UK shareholders see dividends rise 4.2% as global payouts hit record


UK shareholders saw a sharp increase in dividends at the start of the year as global payouts hit a new record high, new data show.

Dividend payments to shareholders in the UK grew by a whopping 21.1 per cent to $18.7billion (£16.4billion) from $15.4billion (£13.5billion) in the same period last year, according to investment firm Janus Henderson.

However, this figure was heavily distorted by British American Tobacco, which paid its first ever quarterly dividend this year, after switching from semi-annual payments. 

Dividends: Shareholders around the world saw record payouts in the first quarter

Dividends: Shareholders around the world saw record payouts in the first quarter

Dividends: Shareholders around the world saw record payouts in the first quarter

It was also lifted by a stronger pound, the addition of new companies to the index and a special dividend from Sky, the report said.

Once adjusted for these effects, underlying growth was a more modest 4.2 per cent. 

That’s higher than the 3.9 per cent growth seen by shareholders in Europe, but lower than in the US, where investors saw an 8 per cent increase in payouts, and Japan, where dividend growth was 8.2 per cent.

Mining giant BHP Billiton was one of the largest contributors to the increase in payouts in the UK, as miners have continued to hike dividends amid a rebound in commodities prices over the past year.

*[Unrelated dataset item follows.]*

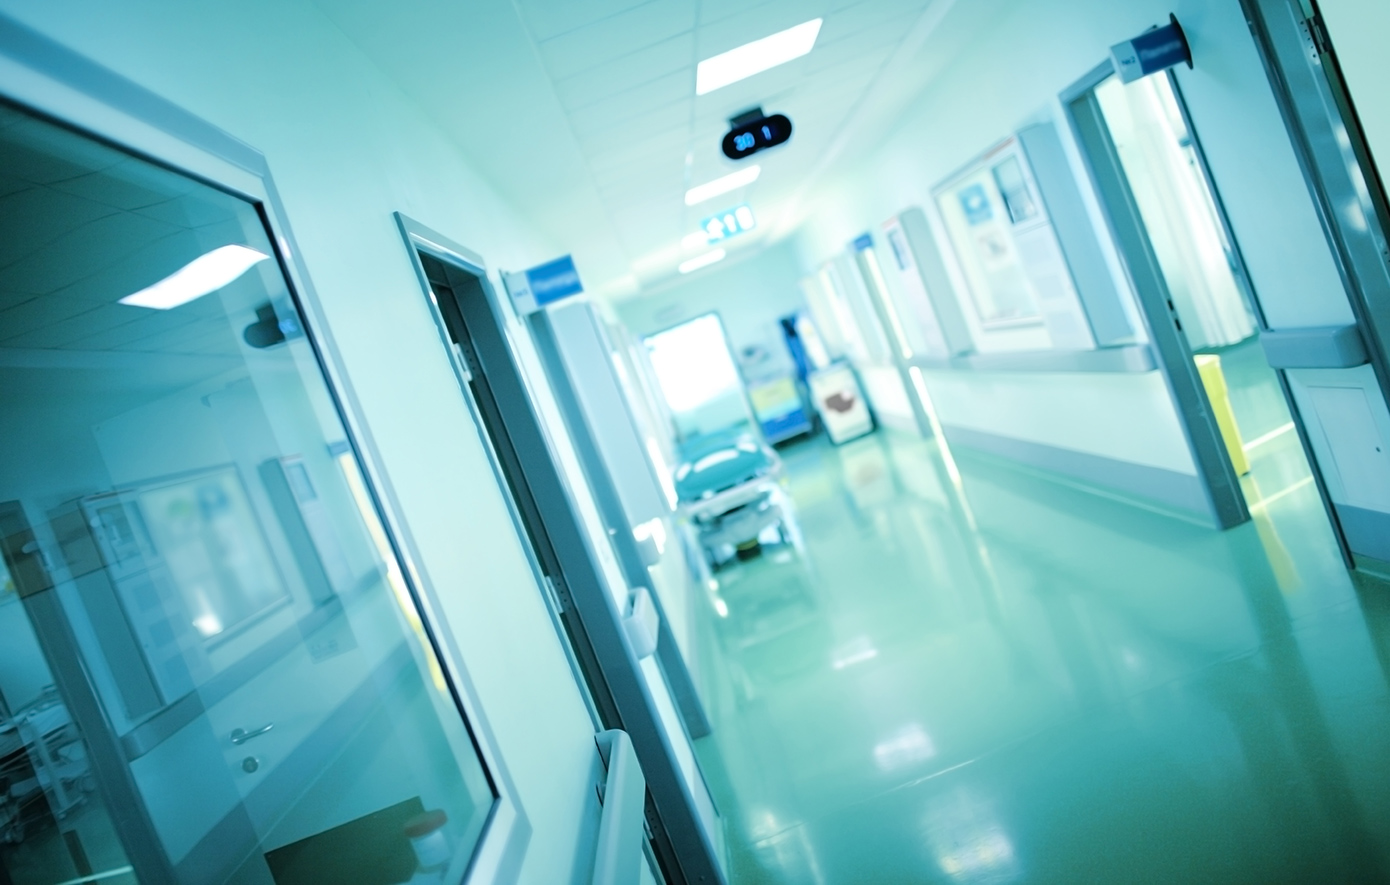 Κρούσμα μηνιγγίτιδας στην Αμαλιάδα – 42χρονη μεταφέρθηκε σε νοσοκομείο της Πάτρας

It comes as the report revealed a record-breaking first quarter for shareholders across the world, with total global dividend payouts soaring 10.2 per cent to $244.7billion.

Global dividends: The UK outpaced the rest of Europe

Global dividends: The UK outpaced the rest of Europe

Global dividends: The UK outpaced the rest of Europe

This headline figure was flattered by a weaker dollar in the first quarter, which means that payments from companies outside the US in other currencies were translated at more favourable exchange rate.

Underlying growth – adjusted for currency movements, special dividends, timing changes and index changes – was lower at 5.9 per cent.

The global increase was partly down to dividend payments rising to new records in the US on the back of President Donald’s Trump recent cuts to corporate tax.

US companies bumped up dividend payments by 5.2 per cent to a record $113billion on a headline basis in the first quarter, with tech, financial and healthcare stocks recording the biggest growth.

World’s top 20 dividend payers 

1. Novartis

2. Roche Holding

3. Royal Dutch Shell

4. Siemens

5. Nordea Bank

6. Exxon Mobil

7. Microsoft

8. Apple

9. AT&T

10. BHP Billiton

11. Verizon

12. Astrazeneca

13. Pepsico

14. Johnson & Johnson

15. Chevron

16. First Abu Dhabi Bank

17. Pfizer

18. BP

19. JP Morgan Chase

20. Wells Fargo

Source: Janus Henderson global dividend index

Shareholders in European companies saw a more modest payout growth of 3.9 per cent as Swiss pharma companies, which dominate the region, returned less or nothing at all to investors.

Switzerland accounts for more than a third of dividend payments in Europe as it’s home to the two largest payers in the world – drugs companies Novartis and Rocher.

The two firms, however, only made ‘very small increases’ in dividends, according to the report, while Teva – the world’s largest maker of generic drugs, cancelled its first-quarter payout altogether.

Asia Pacific, with the exception of Japan, was the only region not to see an increase, due to sharply lower special dividends in Hong Kong, and dividend cuts in Australia.

Janus Henderson forecasts global payouts will rise by 6 per cent to $1.36trillion this year in underlying terms. 

Its ‘global dividend index’ ended the quarter at a record 174.2, meaning that global payouts last year were almost three-quarters higher than in 2009, the report said.

Ben Lofthouse of Janus Henderson said 2018 had started well for dividends amid as corporate profitability is rising.

He said: ‘The Q1 acceleration in US dividend growth may be an early sign that companies are feeling confident about returning some of the cash they have accumulated to shareholders. Recent US corporate tax reforms could encourage this trend.

‘The second quarter is seasonally important for European dividend payments and we will see a much broader range of industries and countries contributing than in Q1. Europe’s economic recovery is likely to yield healthy growth from across the region.’

He added: ‘We’re confident investors will get to celebrate a new record for global dividends in 2018.’